The Connecticut bill added to a long list of guns already
banned in the state (150) additional weapons, including the semi-automatic long
rifle used by Adam Lanza in his assault on Sandy Hook Elementary school
children and their wards. The bill, accepted on a bipartisan vote in
Connecticut’s Democratic controlled General Assembly – 26-10 in the Senate and
105-44 in the House -- moved the state to the number one position among states in
the nation that restrict guns purchases by non-criminals.
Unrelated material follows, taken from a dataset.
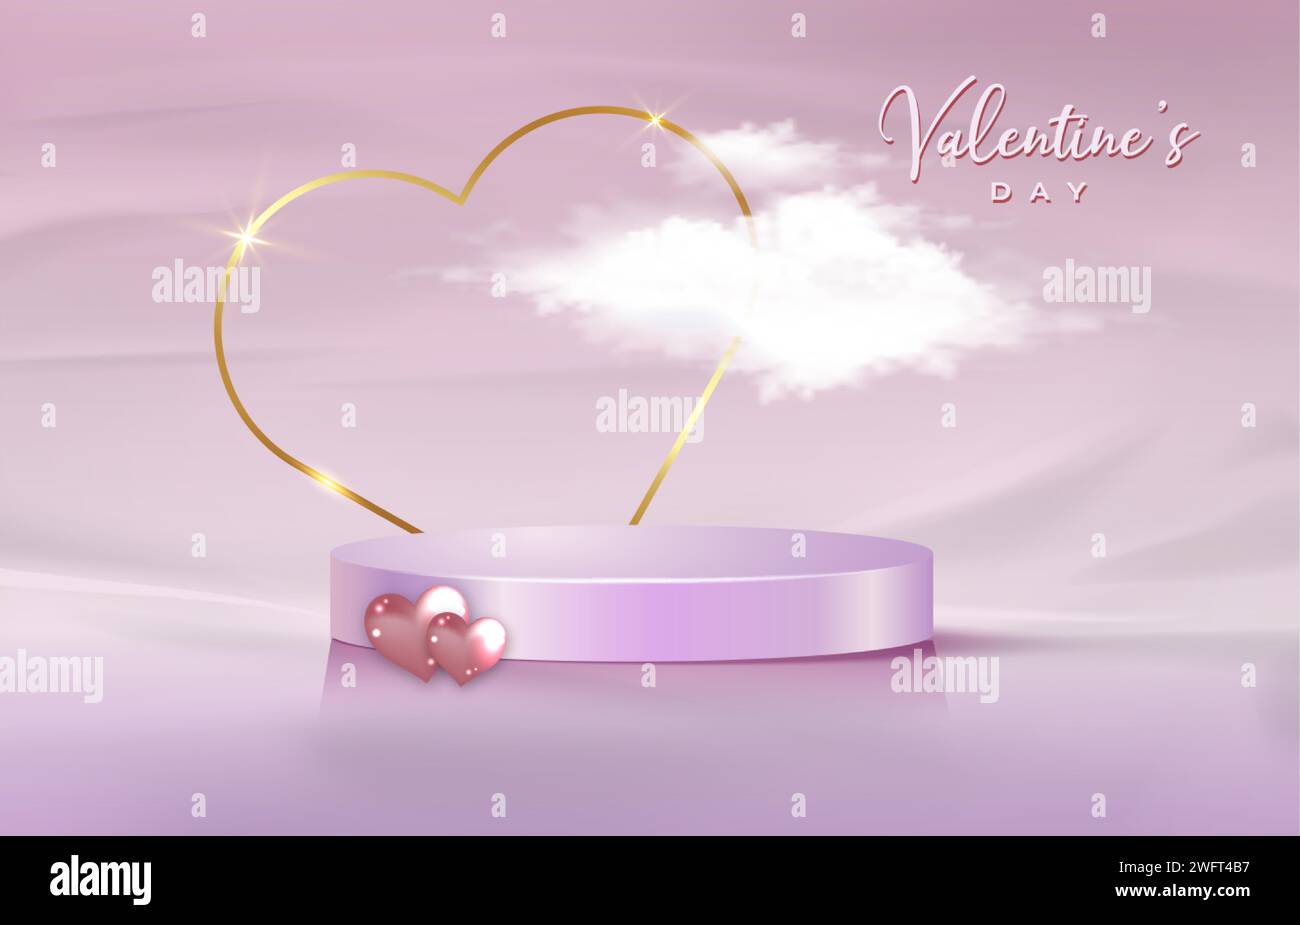 Affichage de studio de plate-forme 3d Saint-Valentin, cadre de coeur d'or et nuage moelleux. Studio sur pied rose. Scène minimale de Saint-Valentin pour le produit Illustration de Vecteur

The national gun restriction bill, a considerably stripped
down version of Connecticut’s law, contained ONLY a mandate for expanded background
checks. And yet the bill failed by four votes in a chamber controlled by
Democrats. Four Democrats – including Majority Leader of the U.S. Senate Harry
Reid, an “avid Nevada sportsman,” according to his biography -- voted against
the bill. Mr. Reid said he voted against the bill so that later he would be
able to vote for a similar amendment.
Following defeat of the bill, President Barack Obama
reverted to his default campaign mode. Despite U.S. Senator Chris Murphy’s
ringing declaration that the National Rifle Association (NRA) was, at least on
the point of background checks, a toothless and clawless paper tiger, Mr. Obama
traced the defeat of the bill to an empowered NRA, the villain in every
Democrat’s closet.
“Instead of supporting this compromise,” Mr. Obama said, the
gun lobby and its allies willfully lied about the bill. They claimed that it
would create some sort of big brother gun registry – even though the bill did
the opposite" and "in fact, outlawed any registry," Obama said. So
all in all, this was a pretty shameful day for Washington…” not to mention –
and no Democrat did – the Democratic controlled U.S. Senate.
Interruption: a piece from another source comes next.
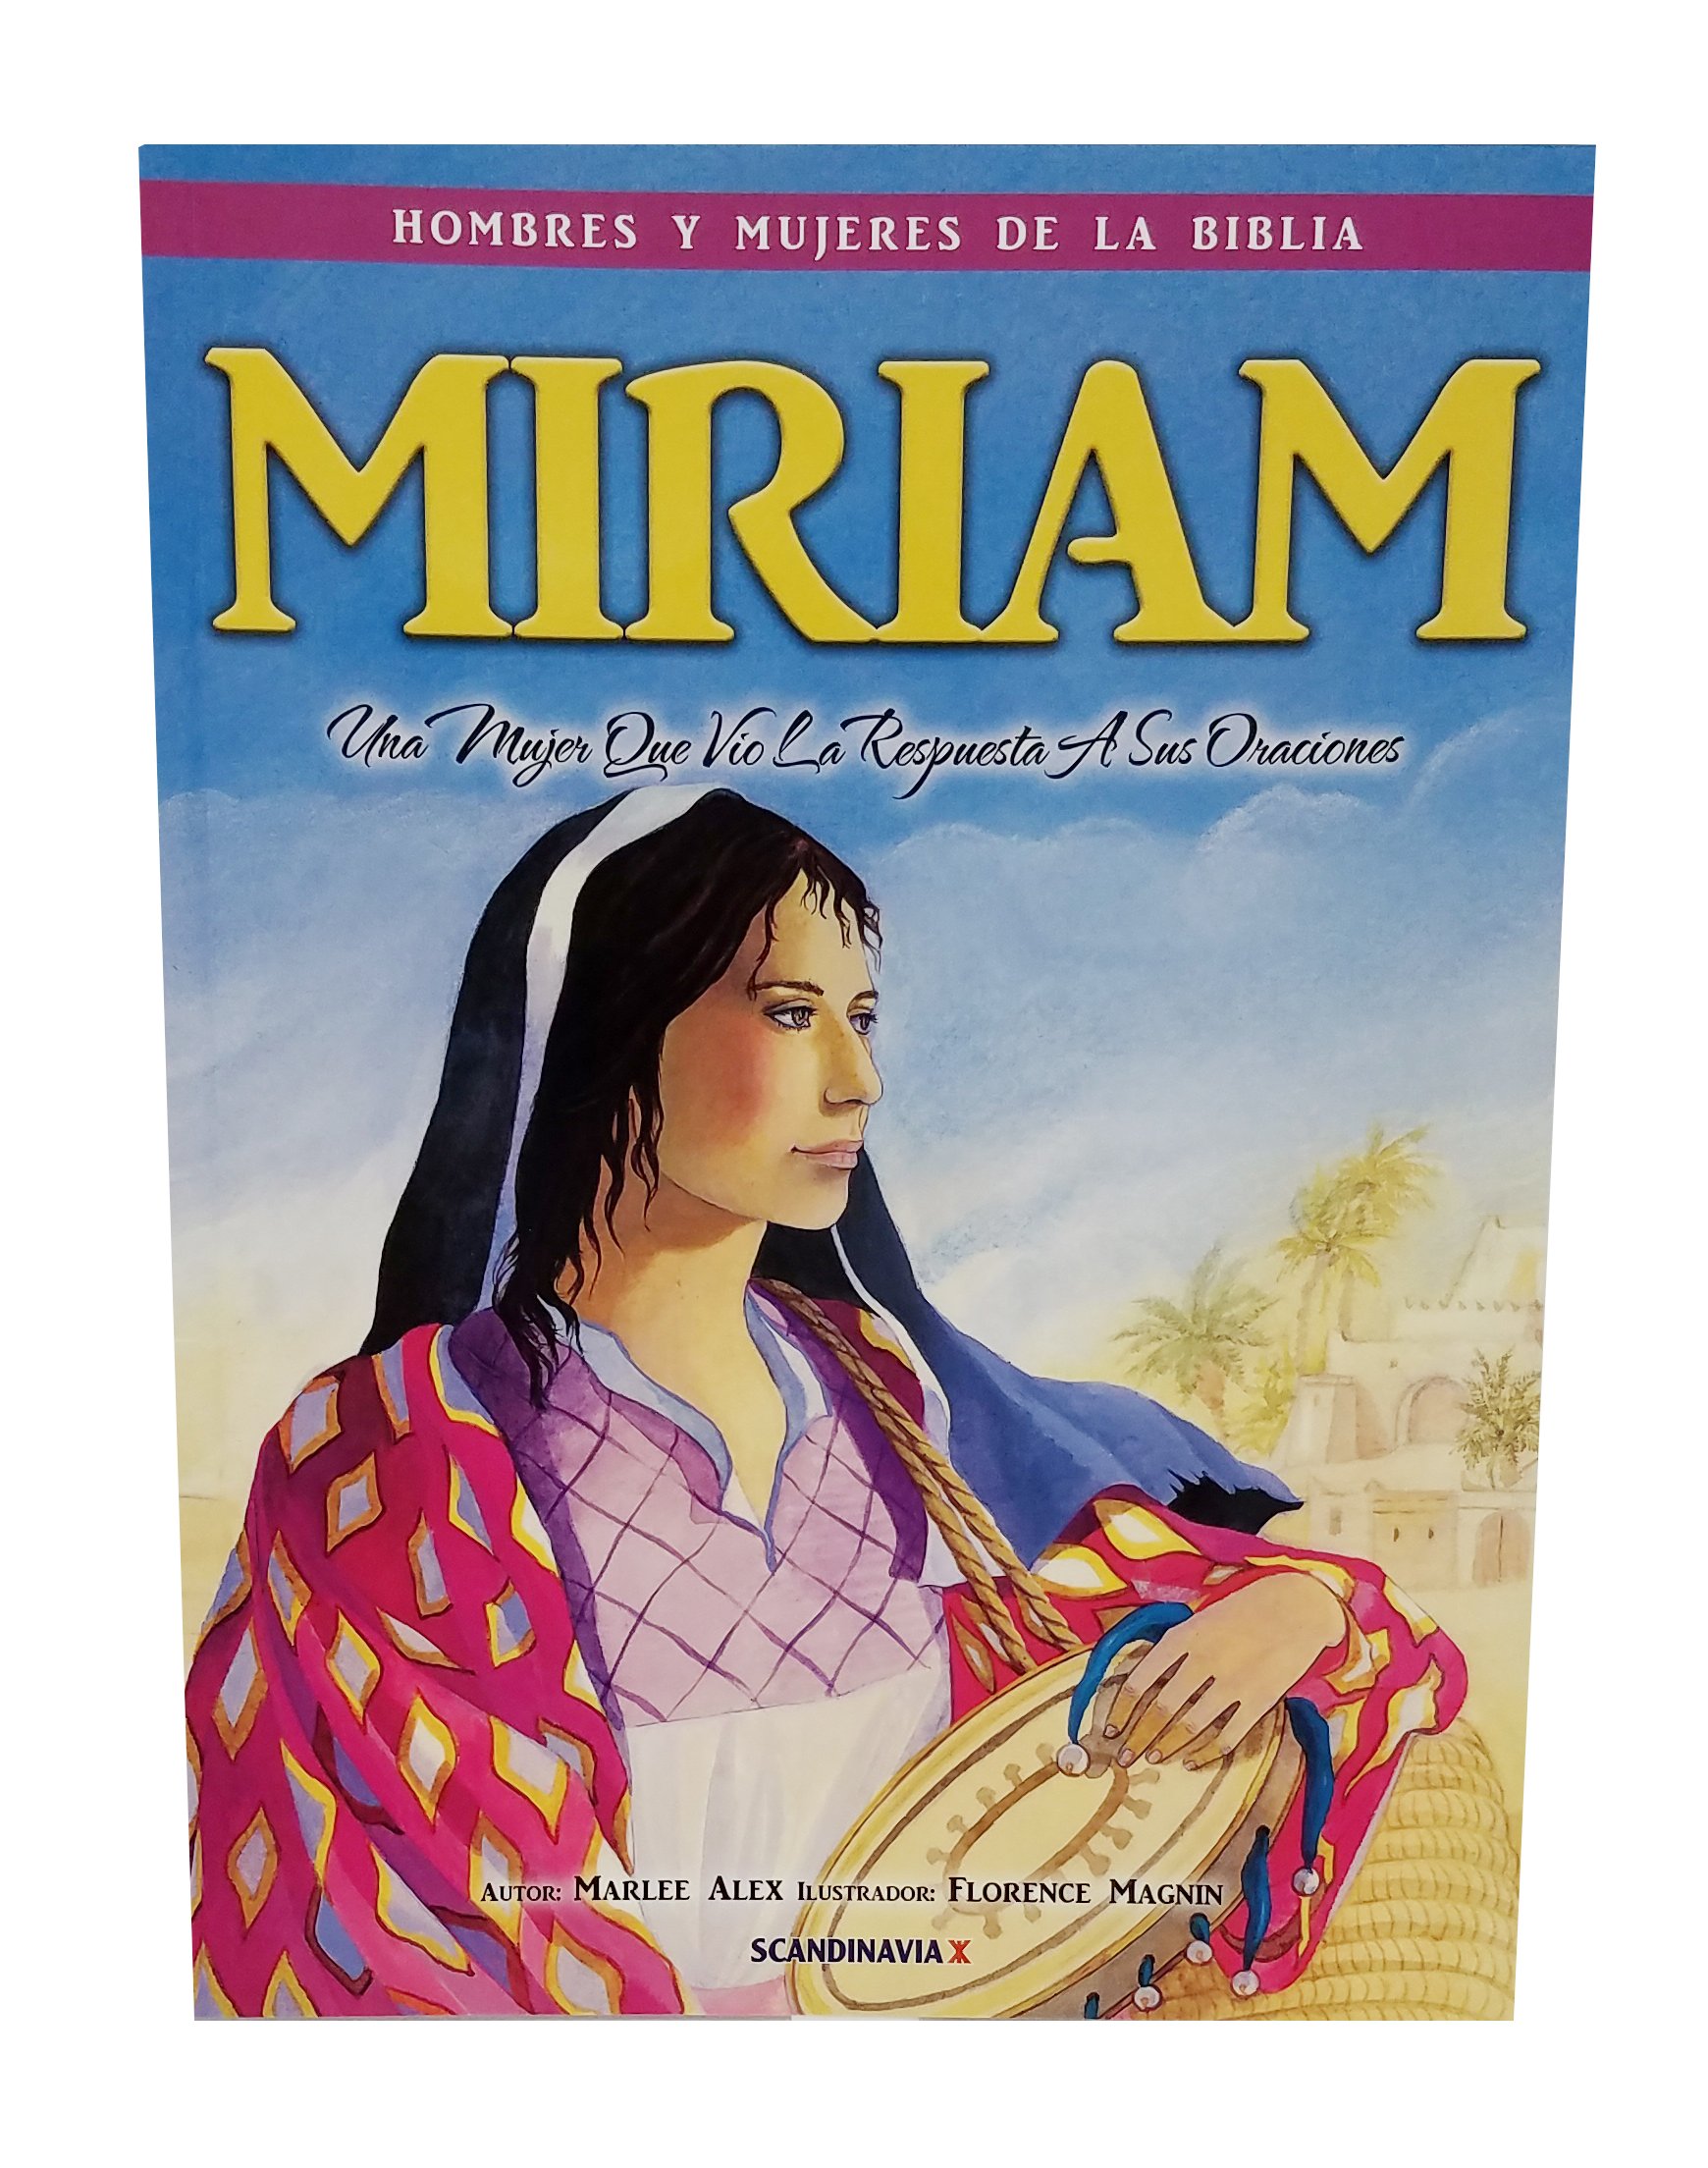 Miriam / Hombres Y Mujeres De La Biblia

Fear ruled the day.” Angered by a resounding defeat
Wednesday of proposed gun control legislation that grew out of the Sandy Hook
Elementary School massacre,” the Harford Courant reported, “President Barack
Obama stood outside the White House with parents of murdered Newtown
first-graders and vowed: ‘This effort is not over.’"
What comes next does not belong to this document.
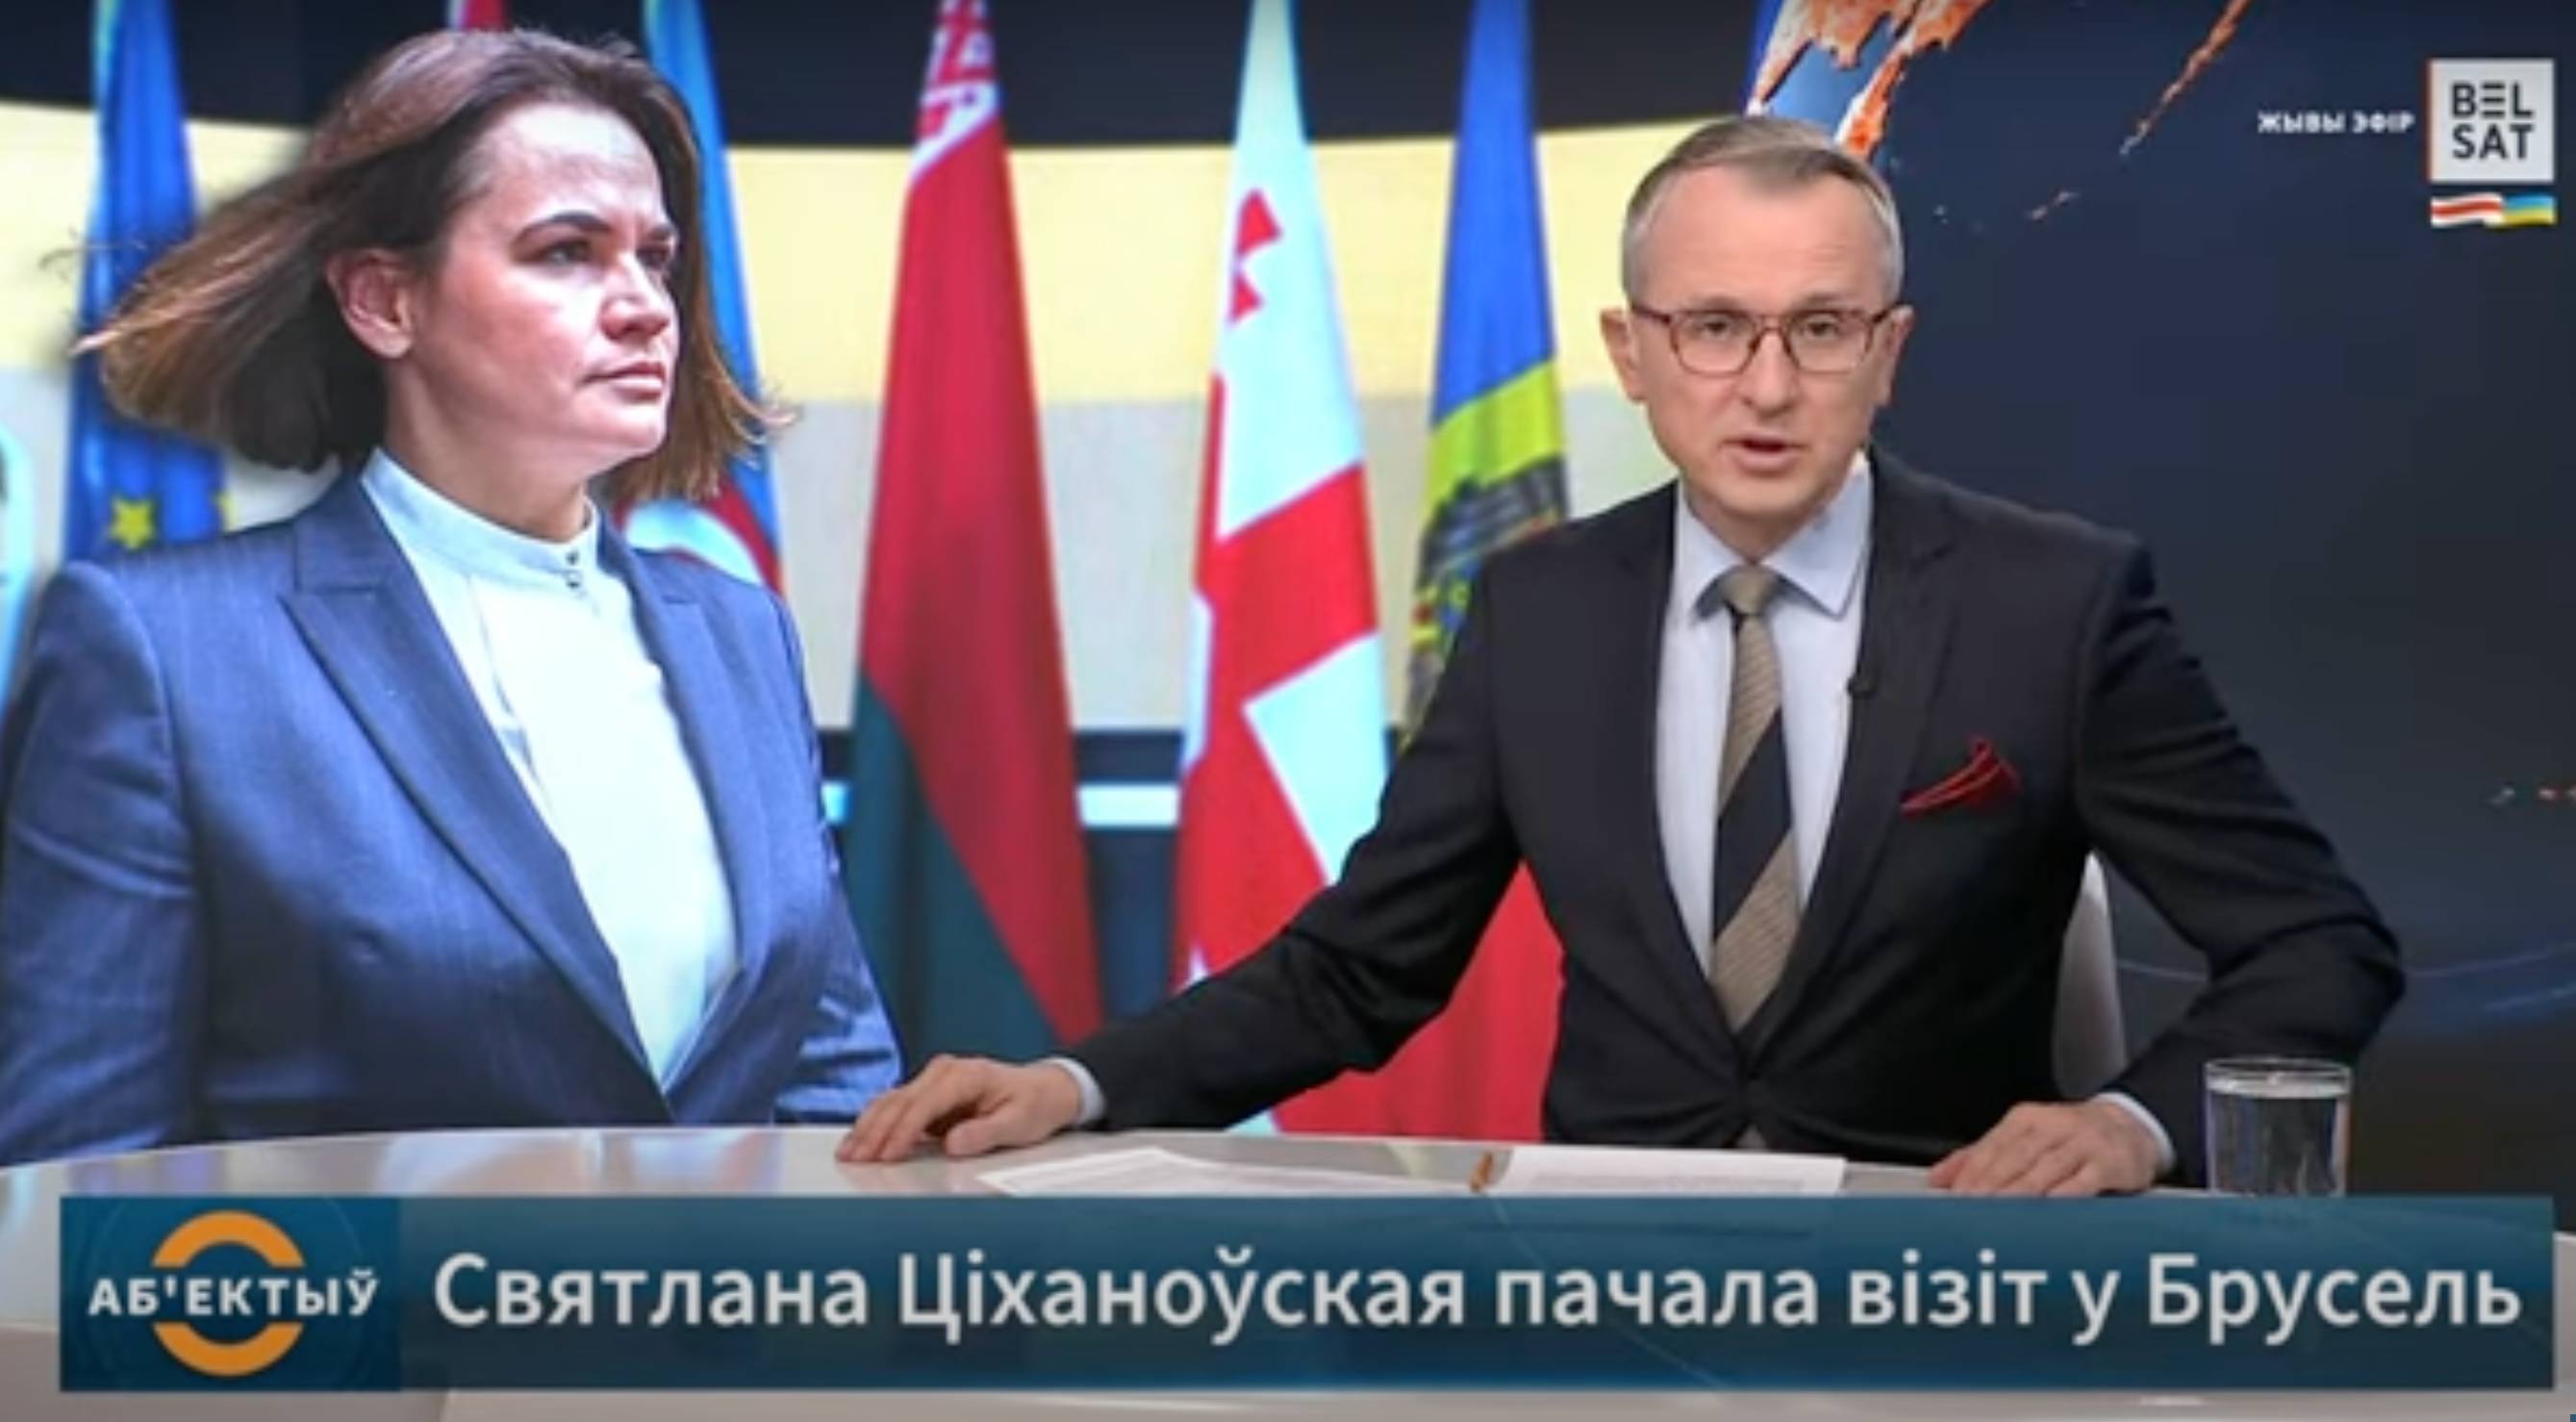 Studio telewizji Biełsat, prowadzący program dziennikarz czyta informacje, w tle zdjęcie Swietlany Cichanouskiej. Biełsat

Indeed, the upside of the losing vote in the Democratic controlled
Senate is that Democrats who favored the Senate bill will be able to use the no
vote as a Deus ex machine that will lift them into Congress, while Democrats who voted against the bill need not worry overmuch about the eltoral consequences of a dead bill. The vote against
the bill in the Senate by Democratic Senate leader Reid certainly will not hurt
his re-election chances in Nevada, whose lesser U.S. Senator, Republican Dean
Heller, also voted against the measure. Mr. Heller telegraphed his “No” vote on
April 16, causing the Las Vegas Sun to cough up a hairball:
“Nevada Sen. Dean
Heller will vote against the Manchin-Toomey amendment on gun control, his
office announced Tuesday afternoon. The announcement potentially seriously
complicates Sen. Harry Reid’s efforts to get 60 senators to vote for what many
have surmised is the best chance the Senate has to approve expanded background
checks, an idea recent polls show has wide support — almost 90 percent — in the
general populace.”
Connecticut's two U.S. Senators Blumenthal and Murphy have yet to comment on Mr. Reid's uncharacteristic bumbling.